Changes announced in this year’s budget are set to alter one of the main tax reliefs applicable in the case of farm transfers.
Agricultural relief can vastly reduce the amount of gift or inheritance tax, more correctly referred to as Capital Acquisitions Tax (or CAT for short).
To see how this relief works in practice, take the following example.
A farmer owns 100 acres, together with stock and machinery, worth €1.5m.
The farmer decides to transfer his entire farming assets to his son. Normally, a child can receive gifts or inheritances within their lifetime totalling just 225,000, before CAT becomes payable. Any amounts received in excess of this are taxed at 33%.
In the absence of Agricultural Relief or Business Relief, a child receiving €1.5m worth of assets would face a whopping CAT tax bill of just shy of €420,000.
These figures may seem extraordinary, but are the current reality in transfers by a parent to a child, of non-farming assets such as houses, cash, quoted shares or other non-business assets.
Interestingly, before austerity measures kicked in, a similar transfer back in 2008 would have resulted in a tax bill of just over €195,000.
Since then, significant erosion of tax free thresholds, and a hiking of CAT rates, have increased the taxes.
For agricultural property, there are two reliefs, “agricultural relief” or “business relief”, which can significantly reduce or even totally eliminate exposure to CAT.
Where conditions are satisfied, both reliefs work similarly, in reducing the value of a gift or inheritance by 90% for tax purposes, although agricultural relief is seen as more generous, because it can also cover farmhouses.
Taking the above example, again, where the beneficiary can satisfy criteria for Agricultural Relief or Business Relief, the value of the farm, stock and machinery would be reduced to just €150,000 for tax purposes.
As mentioned above, a child can receive gifts or inheritances up to €225,000 tax free. In this example, agricultural relief reduced the value to just €150,000 which is below that €225,000 limit, and therefore, no gift tax (CAT) is payable.
Up to now, agricultural relief applied where:
n A transfer consisted of “agricultural property”, which is defined specifically within the legislation.
n The beneficiary, having received the agricultural property gift or inheritance , had mote than 80% of their assets in agricultural property.
n And the beneficiary retained ownership of the property for six years (10 years in the case of development land).
In the example cited above, so long as the child had less than €375,000 in non-agricultural property at the point of receiving the farm, then they would have had more than 80% of their assets in agricultural assets, and would qualify for agricultural relief.

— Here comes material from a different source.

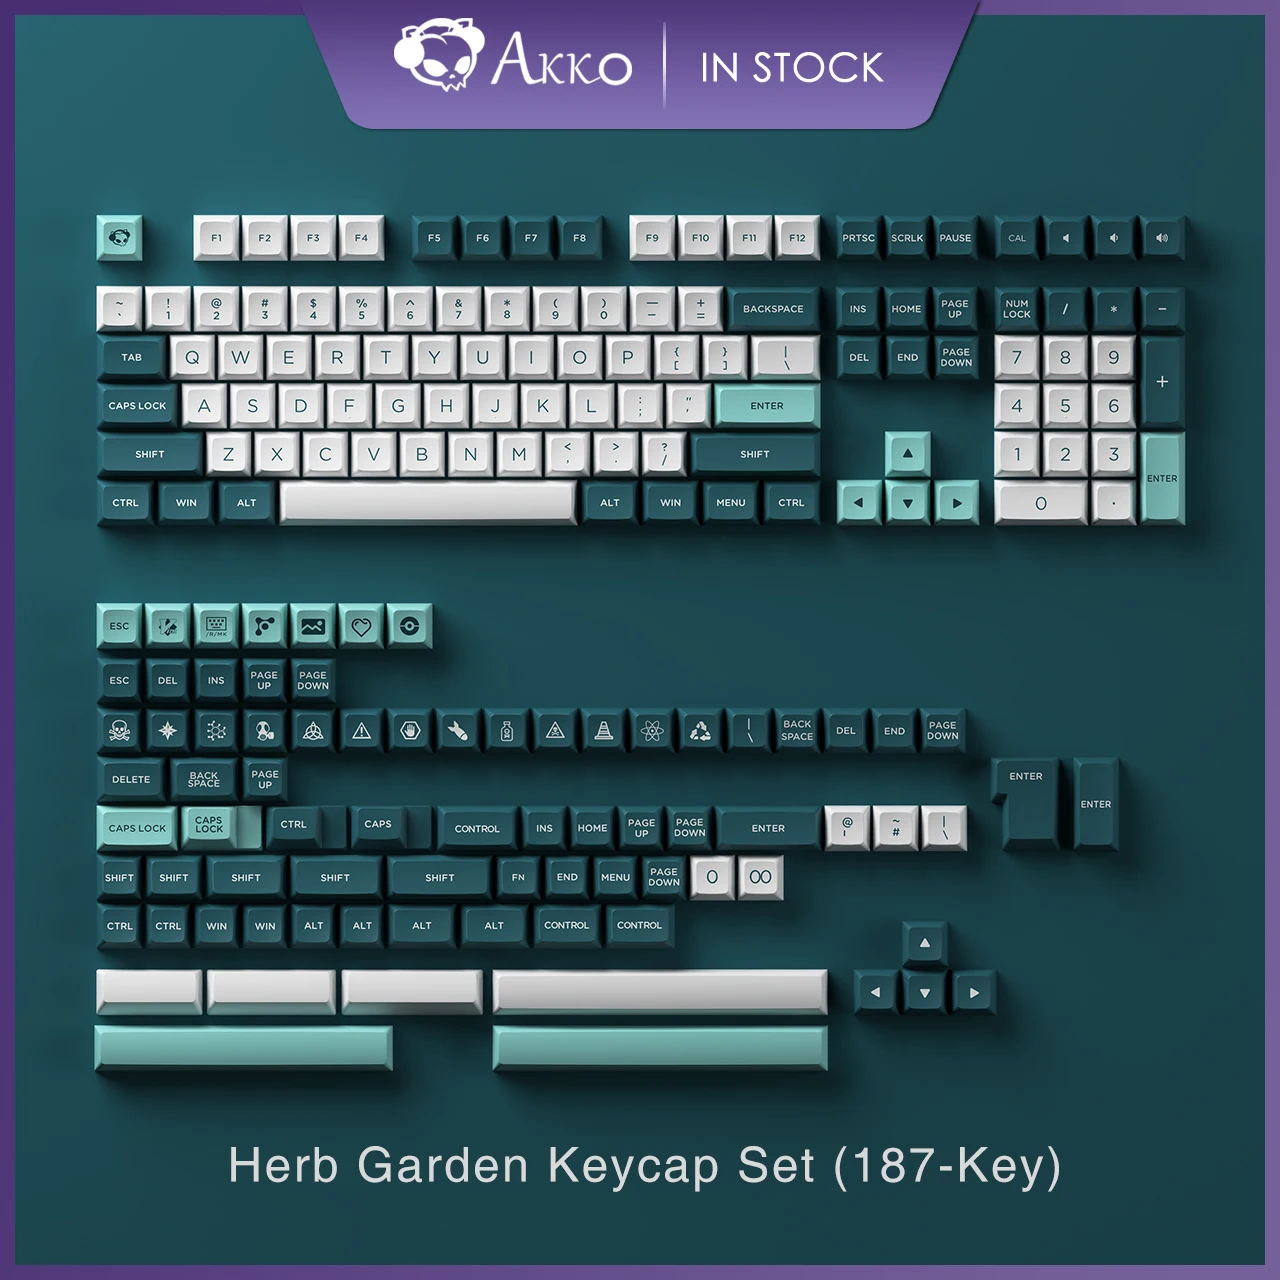 Akko Herb Garden Keycap Set 187 key PBT Double Shot OSA Profile Mechanical Custom Keyboard Keycaps - Pudding Keycap

The budget has introduced new changes to come into effect from January 1, 2015, adding a further condition for agricultural relief.
From January 1, 2015, and subject to other conditions, Agricultural Relief will be available only in respect of agricultural property gifted to or inherited by an individual who either subsequently uses the property for agricultural purposes for a period of not less than six years, or who leases out the agricultural property for not less than six years for agricultural use.
Importantly, if the successor chooses to farm the land themselves, the legislation contains a requirement that the farmer must be an active farmer, spending not less than 50% of normal working time farming land, and their farming activities must be on a commercial basis, with a view to realising profits.
On one level, these new rules are welcome, in that the amendments will prevent abuse of reliefs which were directly or indirectly encouraging land ownership by non-farmers. However, the new rules will pose problems where property is being transferred to a child, and that child will be farming the property, but does not satisfy the active farmer criteria.
This can be the case where a child has off-farm employment or, for example, where the child has either established or intends to establish a farming company, within the six-year period.
Where taking the leasing option, the new rules also insist that the lease is to an individual, which will have implications for those who have established farming companies.
On the ground, it is not unusual for retiring farmers to retain a small amount of land, together with the farmhouse, with the intention of transferring this land at a future date or on their passing. The new rules are particularly relevant in these cases.
From a succession planning point of view, there is an opportunity to transfer property under the old rules until January 1, 2015, but this should be given careful consideration, to ensure the tax implications of the transfer are fully understood.
No changes were made in this year’s budget to the second main relief, “business relief”, which provides an alternative, tax-efficient option, in limited circumstances.
Forthcoming changes to stamp duty, which increase stamp duty from 1% to 2% in some circumstances after January 1, 2015, could be considered an added incentive to more early. The above information deals mainly with the potential impact arising from proposed changes issued in this years’ Finance Bill. It is important to fully consider all tax implications, when considering succession planning.